Maintain WHERE Order In SQL Select

Is it possible to maintain the order of the WHERE clause when doing a SELECT for specific records?
For instance, given the following SELECT statement:
SELECT [RecSeq] FROM [MyData] WHERE
[RecSeq]=3 OR [RecSeq]=2 OR [RecSeq]=1 OR [RecSeq]=21 OR [RecSeq]=20 OR
[RecSeq]=19 OR [RecSeq]=110 OR [RecSeq]=109 OR [RecSeq]=108 OR
[RecSeq]=53 OR [RecSeq]=52 OR [RecSeq]=51;
I'd like the results to come back as:
3
2
1
21
20
19
110
109
108
53
53
51
However, what I get back isn't in any particular order. Currently I have a loop that calls the SELECT statement for each record required. This could range anywhere from 1 to 700,000 times. Needless to say the performance isn't the best.
Any solutions or am I stuck in the loop?
You need the ORDER BY FIELD clause.
SELECT RecSeq From MyData WHERE RecSeq IN (3, 2, 1, 21, 20, 19, 110, 109, 108, 53, 52, 51)

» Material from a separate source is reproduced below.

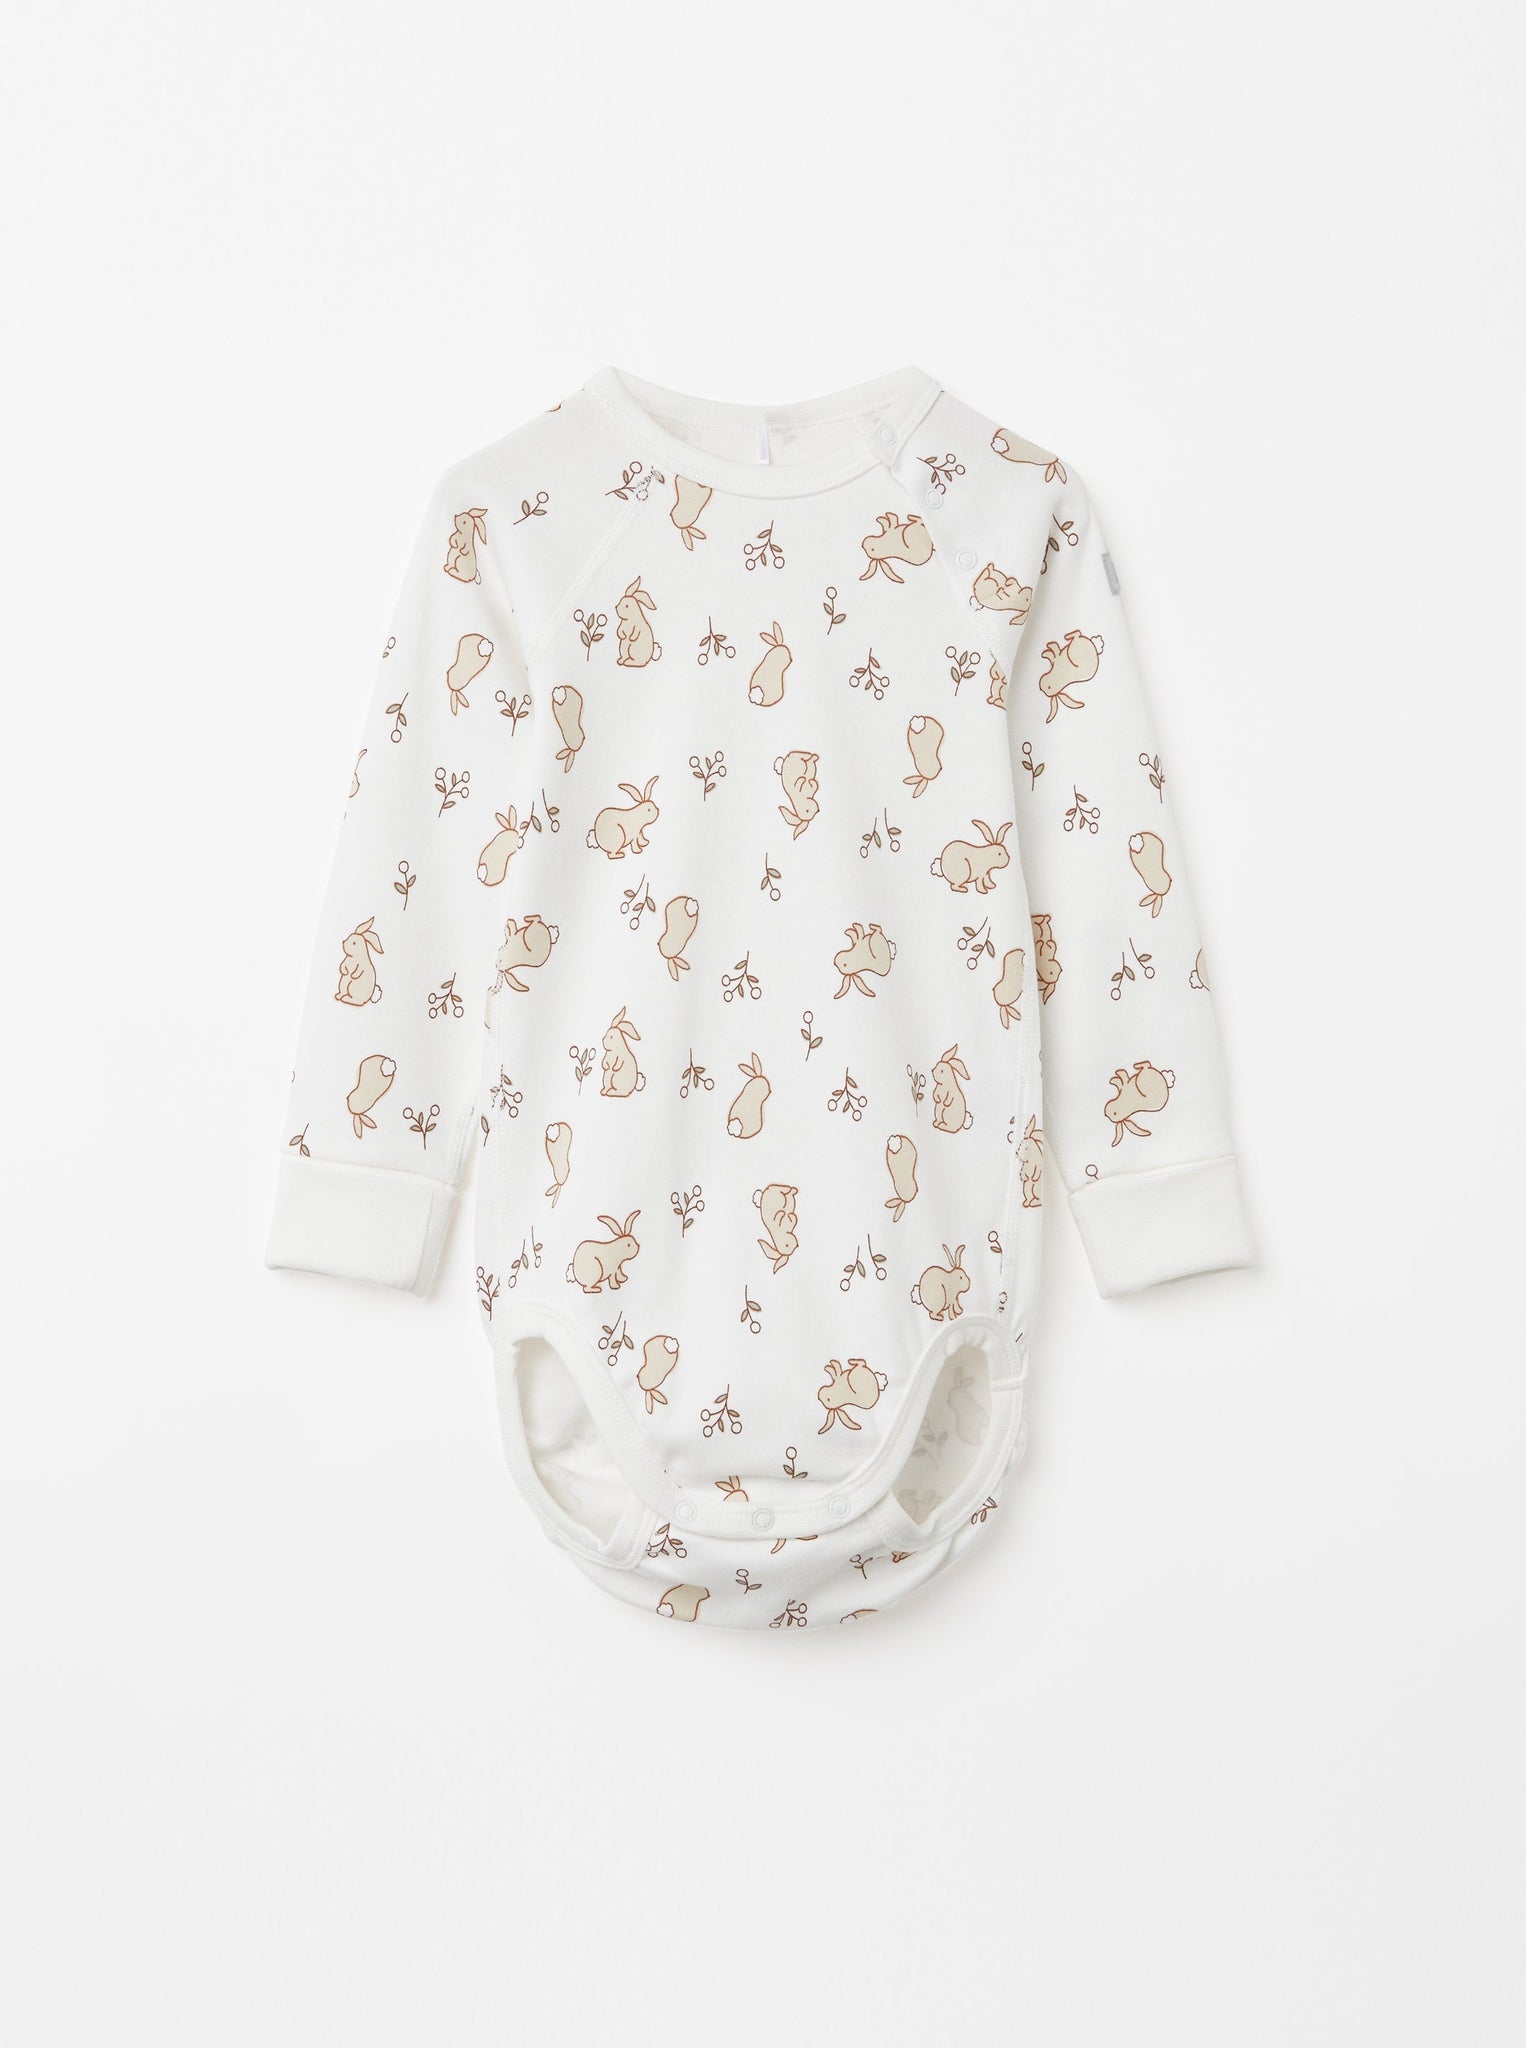 Cotton Bunny Print White Babygrow from the Polarn O. Pyret Kidswear collection. Ethically produced kids clothing.

ORDER BY FIELD (RecSeq, 3, 2, 1, 21, 20, 19, 110, 109, 108, 53, 52, 51);
You don't say what database system you are using - I know this works in MySQL.
There is exactly one way to reliable enforce an ordering of the results of a sql statement: use an order by clause. I don't know if it is standard sql, but in oracle you could do something like this:
select ... from ...
where recseq in ( 3, 2, 1, 21, 20, 19, 110, 109, 108, 53, 53, 51)
order by decode(recseq 3,1, 2,2, 1,3, 21,4, 20,5, 19,6, 110,7, 109,8, 108,9, 53,10, 53,11, 51,12,13)
WHERE clause cannot specify your output order.
You will have to sort your results using an "order by".
If you absolutely need this order, try a 'pseudo-column' , or fake column with a union clause (performance warning here).
select 0 as my_fake_column, blah_columns from table where recseq = 3
UNION
select 1, blah_columns from table where recseq = 2
UNION
select 2, blah_columns from table where recseq = 1
UNION
select 3, blah_columns from table where recseq = 21
order by my_fake_column
The above will deliver the results in your specific order 3,2,1,21.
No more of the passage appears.